ASSIGNMENT => Repeat the listing word for word. Leave every picture out.

── SUPPLIED DATA

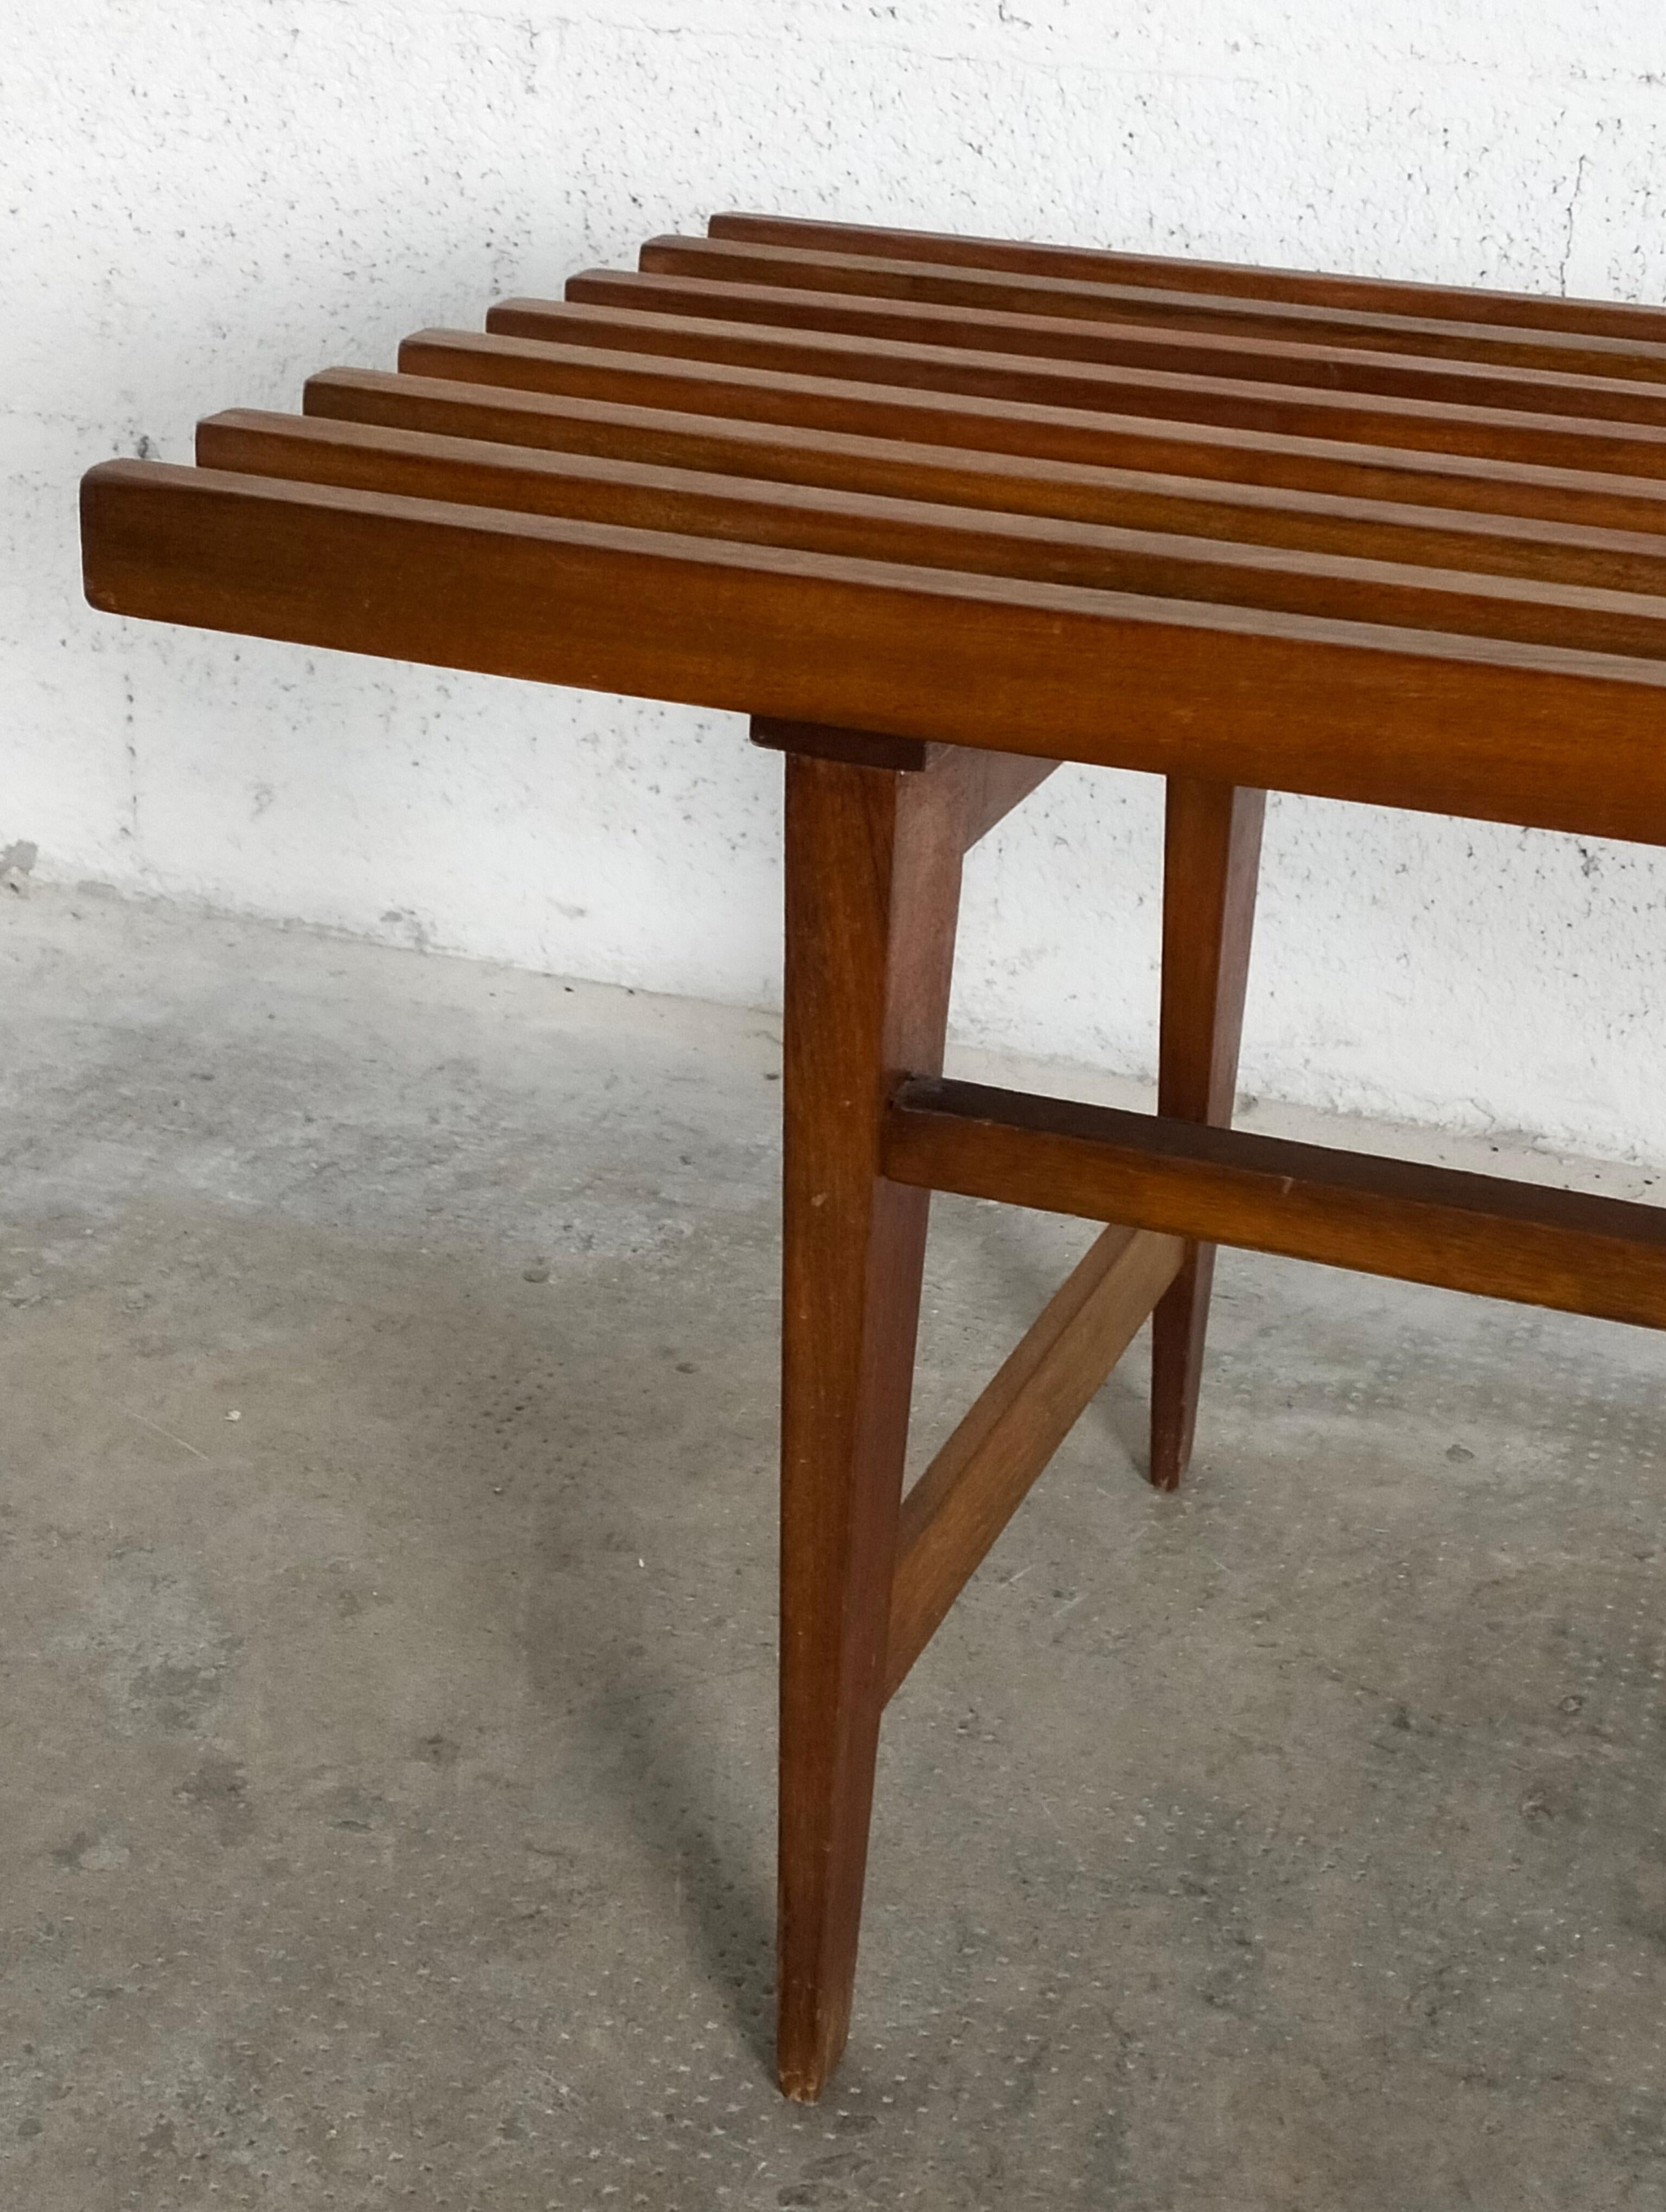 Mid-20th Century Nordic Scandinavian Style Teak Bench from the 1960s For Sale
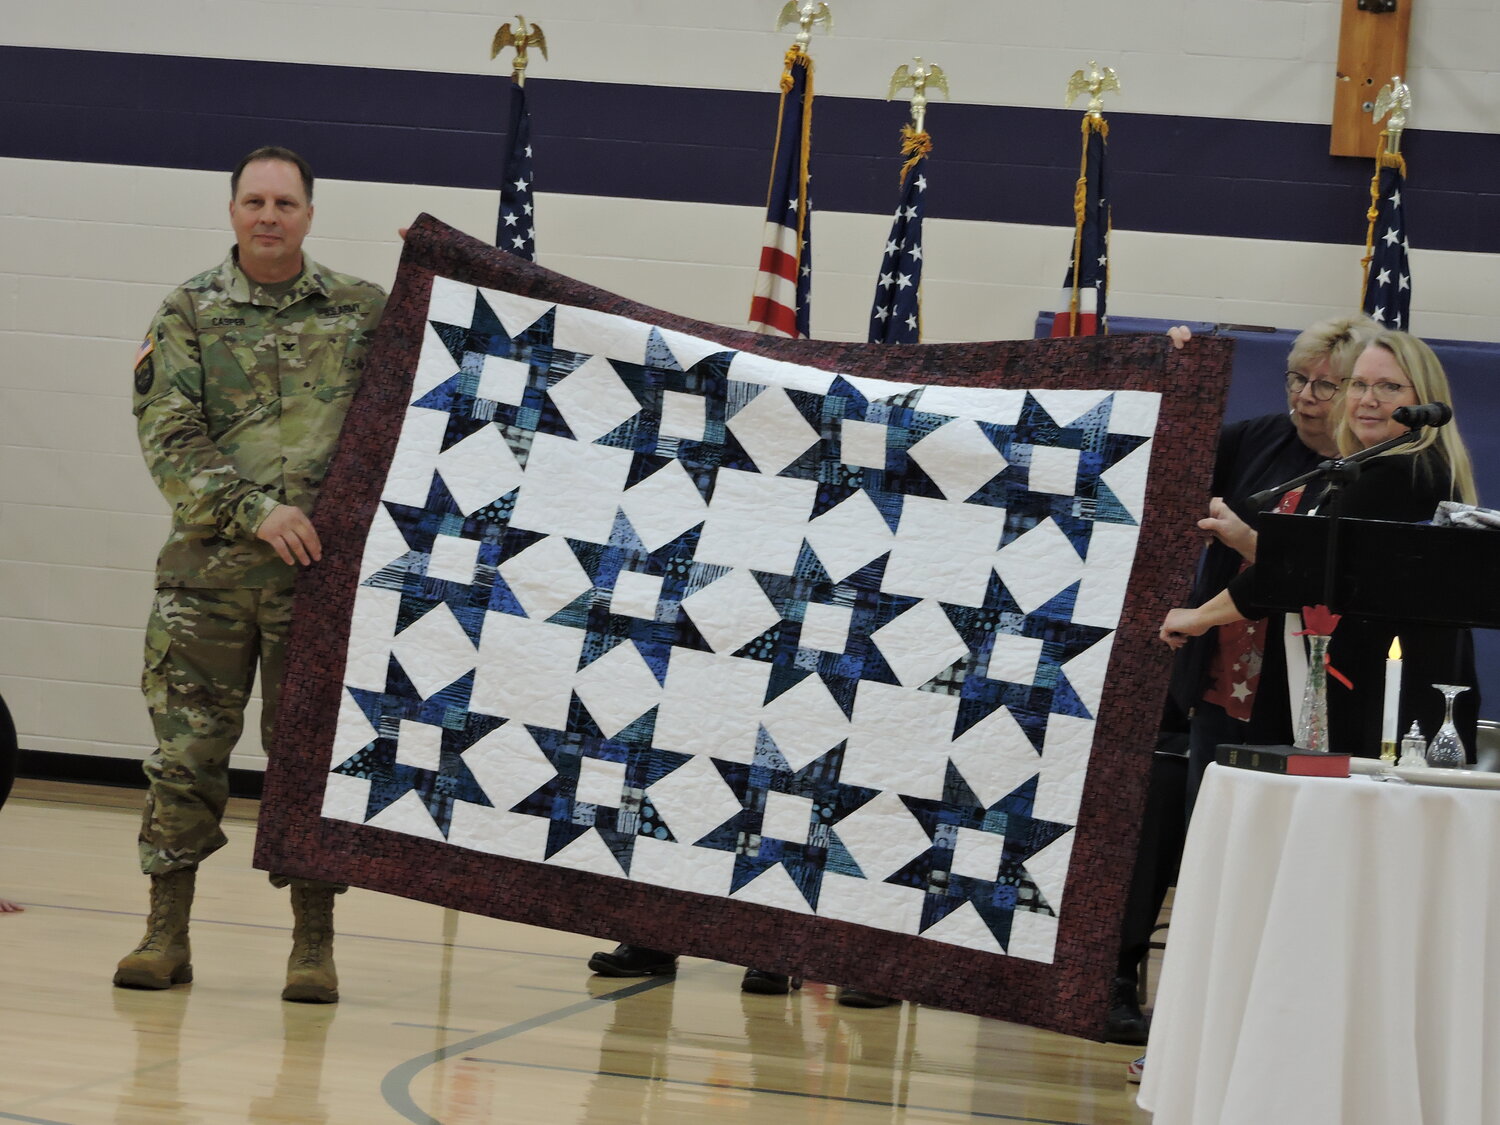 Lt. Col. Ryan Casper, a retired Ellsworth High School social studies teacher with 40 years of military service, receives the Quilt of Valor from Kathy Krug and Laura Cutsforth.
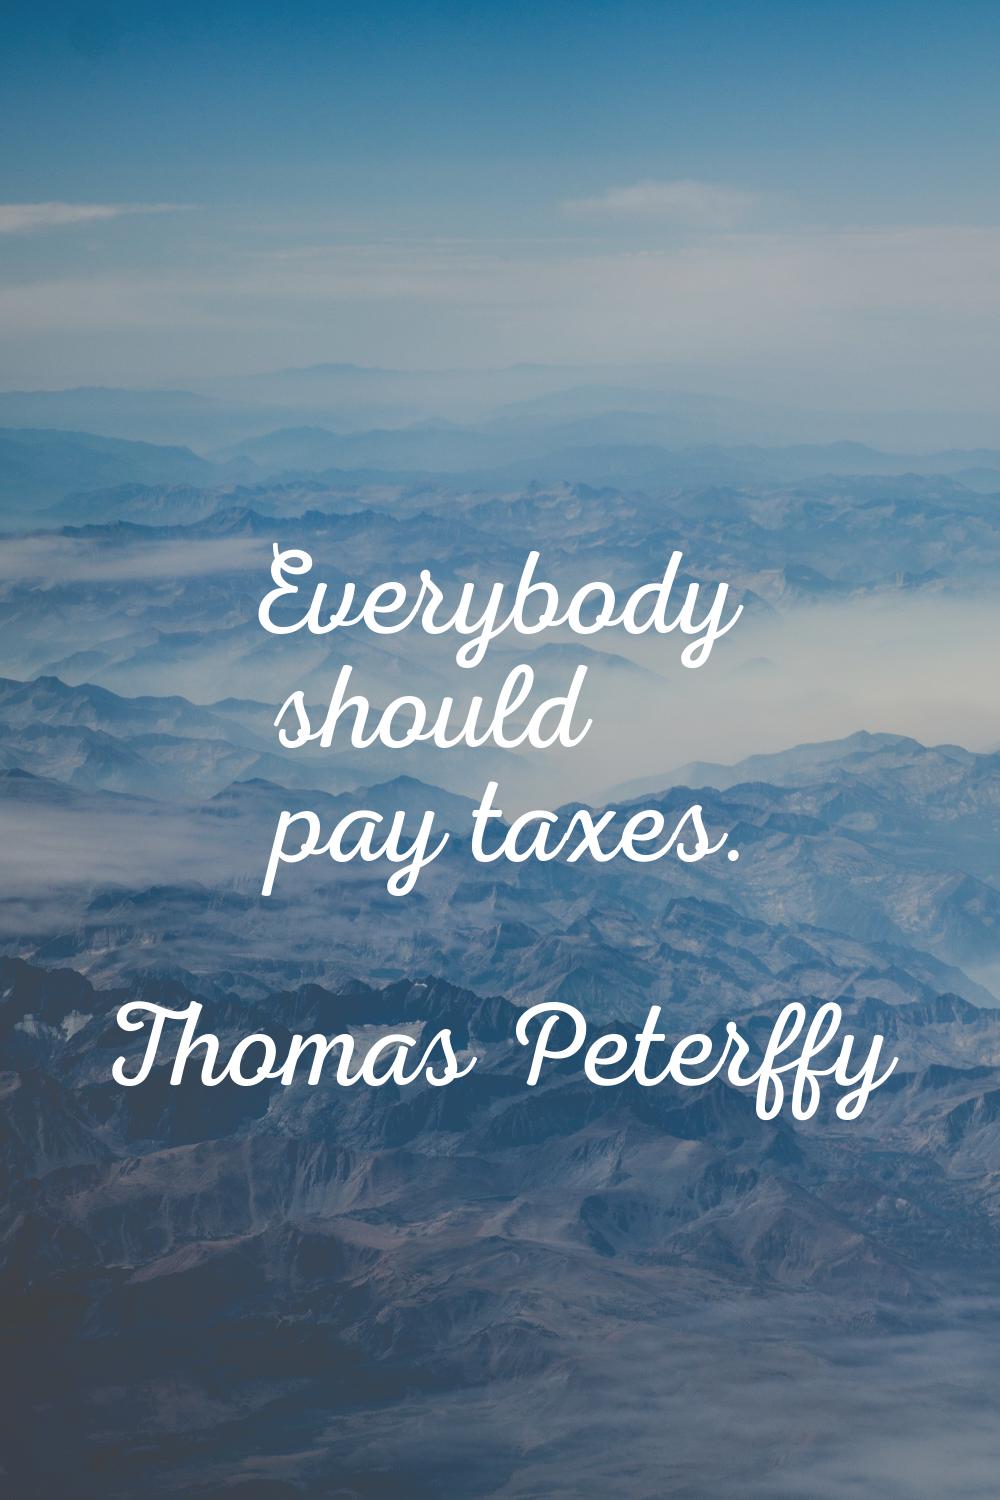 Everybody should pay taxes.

────

WRITTEN ANSWER =>
 Mid-20th Century Nordic Scandinavian Style Teak Bench from the 1960s For Sale
 Lt. Col. Ryan Casper, a retired Ellsworth High School social studies teacher with 40 years of military service, receives the Quilt of Valor from Kathy Krug and Laura Cutsforth.
 Everybody should pay taxes.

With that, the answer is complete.